Creates a new index reader, with the specified underlying InputBitStream.

Parameters:
ibs - the underlying input bit stream.
offsets - the offset list; may be null if you do not plan using position(int).
sizes - the size list; may be null if your code does not require it.
N - the number of documents in the collection.
flags - a bit mask setting the coding techniques to be used (see the IndexReader introduction).

IndexReader

public IndexReader(InputBitStream ibs,
                   LongList offsets,
                   int N,
                   long flags)
            throws IOException
Deprecated. Please use Index.getReader() or IndexReader(Index).

Creates a new index reader, with the specified underlying InputBitStream.

Parameters:
ibs - the underlying input bit stream.
N - the number of documents in the collection.
flags - a bit mask setting the coding techniques to be used (see the IndexReader introduction).

IndexReader

public IndexReader(InputBitStream ibs,
                   int N,
                   long flags)
            throws IOException
Deprecated. Please use Index.getReader() or IndexReader(Index).

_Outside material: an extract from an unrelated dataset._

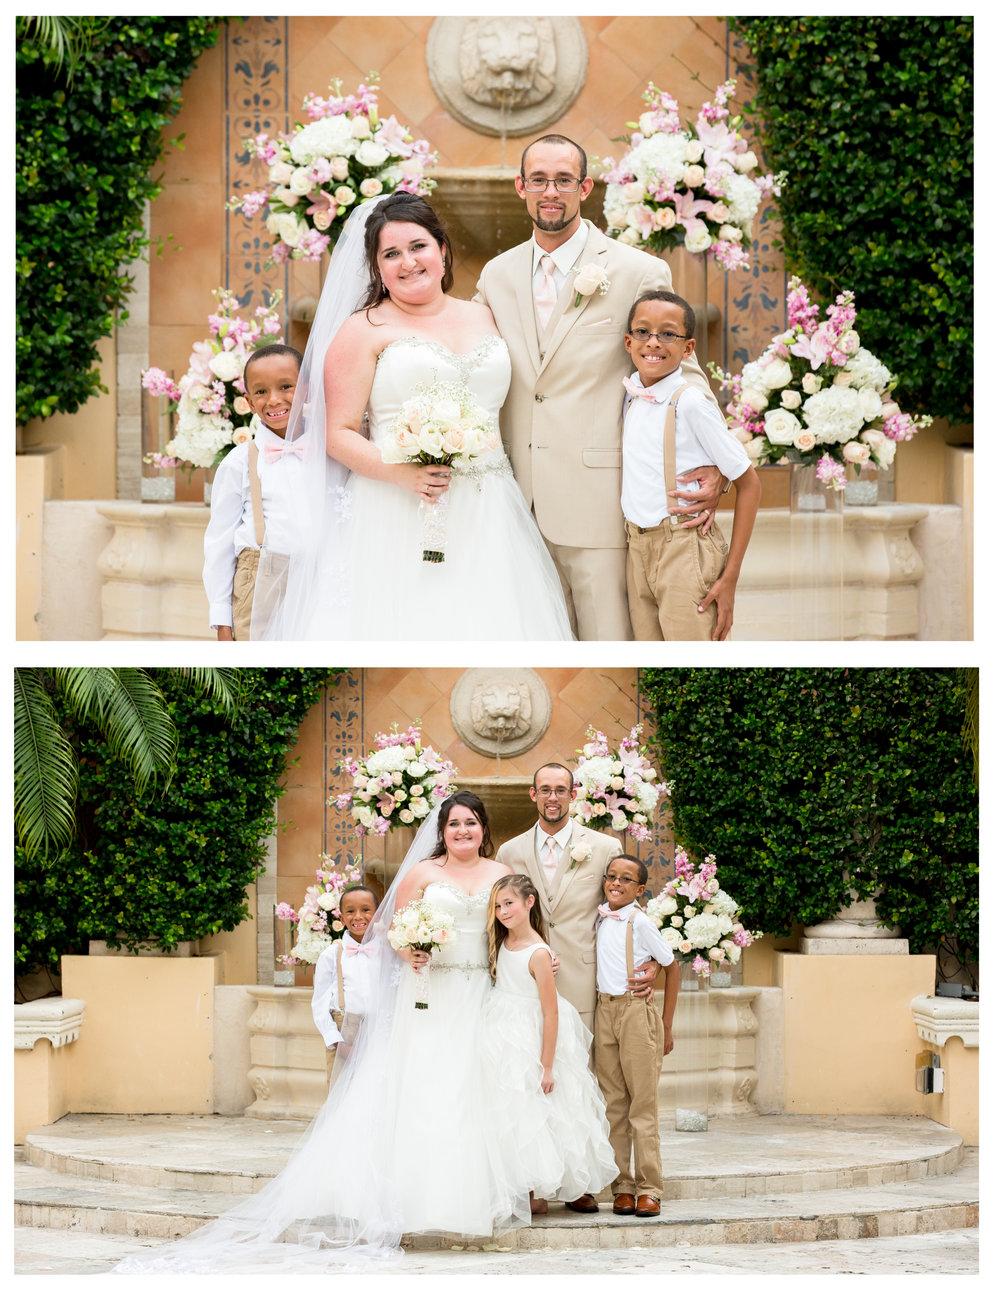 Benvenuto_Boynton Beach_ Wedding_Emily_&_Shawn 22.jpg

Creates a new index reader, with the specified underlying InputBitStream.

Parameters:
ibs - the underlying input bit stream.
N - the number of documents in the collection.
flags - a bit mask setting the coding techniques to be used (see the IndexReader introduction).
Method Detail

position

public void position(int term)
              throws IOException
Positions the index on the inverted list of a given term. This method can be called at any time.

Parameters:
term - a term.
Throws:
IOException

endOfList

public boolean endOfList()
Returns whether there are no more document records in the current inverted list.

Returns:
whether there are no more document records in the current inverted list.

readFrequency

public int readFrequency()
                  throws IOException,
                         IllegalStateException
Reads and returns the frequency (number of documents where the term appears). The underlying bit stream must be positioned on the beginning of an inverted list, or at the real end of an inverted list (not only endOfList() must return true, but also all data contained in the last document record must have been read).

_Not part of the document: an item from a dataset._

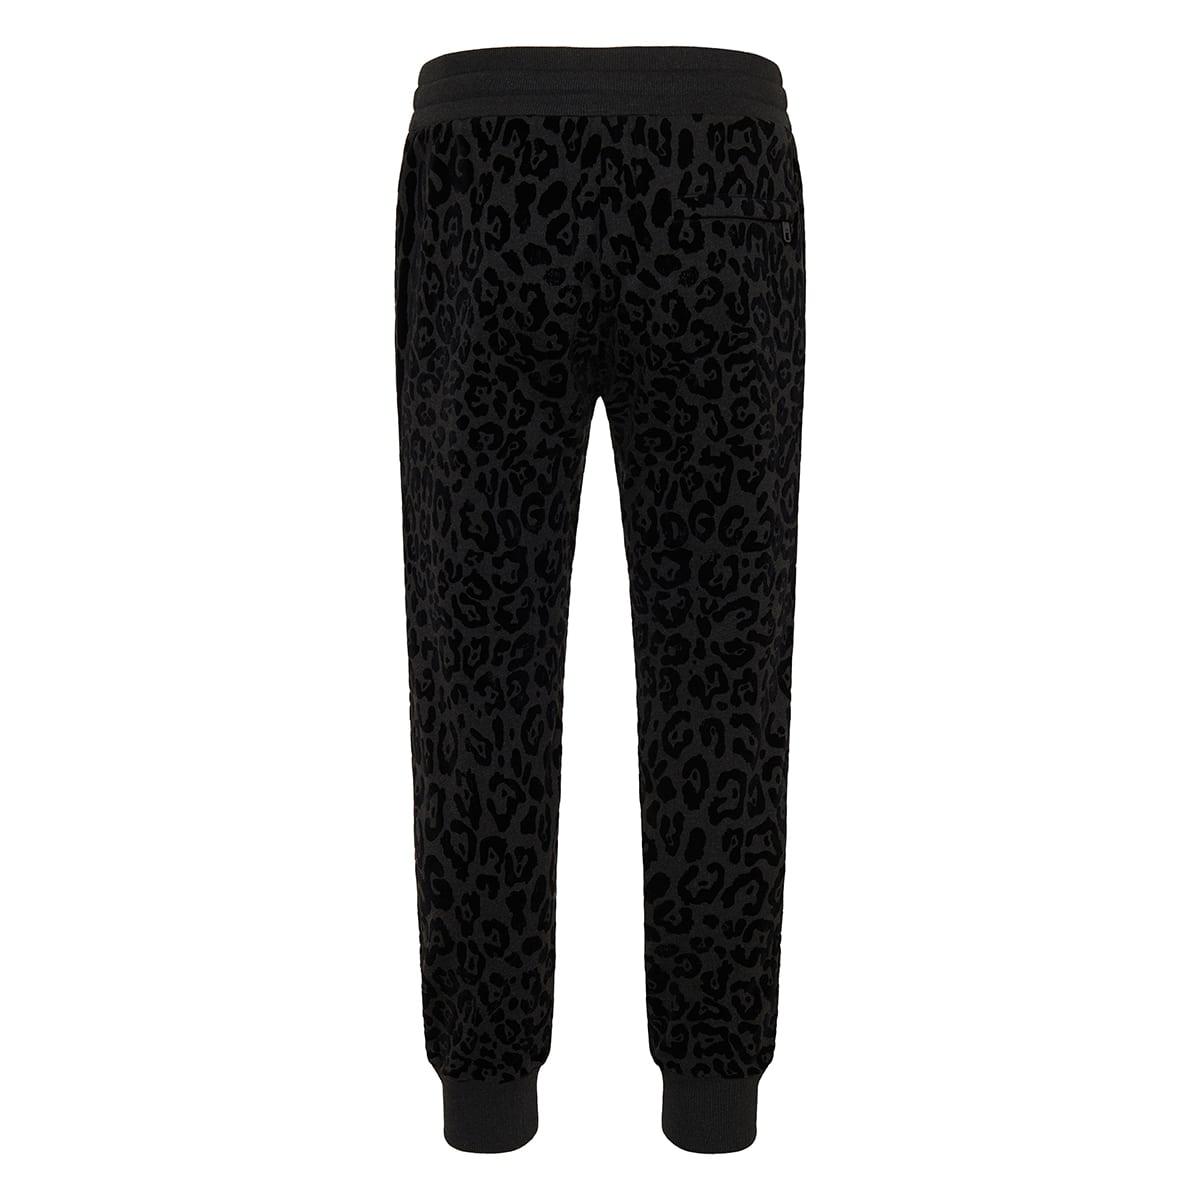 Leopard cotton track trousers

After that, you are ready to read the document records.

Returns:
the frequency.
Throws:
IOException - if an exception is thrown by the underlying stream
IllegalStateException

readDocumentPointer

public int readDocumentPointer()
                        throws IOException
Reads a document pointer from a given InputBitStream. This method returns the document pointer; after this, you can use the stream to read the positions.

Throws:
IOException - if an exception is thrown by the underlying stream

currentDocumentPointer

public int currentDocumentPointer()
Returns the current document pointer.

Returns:
the current document pointer, or -1 if no document pointer has been read so far.

justAfterPointer

protected boolean justAfterPointer()
Returns true if the index is positioned just after a pointer.

Returns:
true if the index is positioned just after a pointer.

readPositionCount

public int readPositionCount()
                      throws IOException,
                             NoSuchElementException
Reads the position count for the current document.

Returns:
the count, that is, the number of positions of the current term in the current document.
Throws:
IOException - if an exception is thrown by the underlying stream
IllegalStateException - if you try to read a count but you have not just read a pointer.
NoSuchElementException - if you try to read beyond the end of an inverted list.

readDocumentPositions

public int readDocumentPositions(int[] occ)
                          throws IOException,
                                 NoSuchElementException
Reads the positions of the occurrences of the current term in the current document.

First the count (number of positions) is read using the specified coding (unless it has already been read using readPositionCount()). Then, the vector of positions is read using the specified coding.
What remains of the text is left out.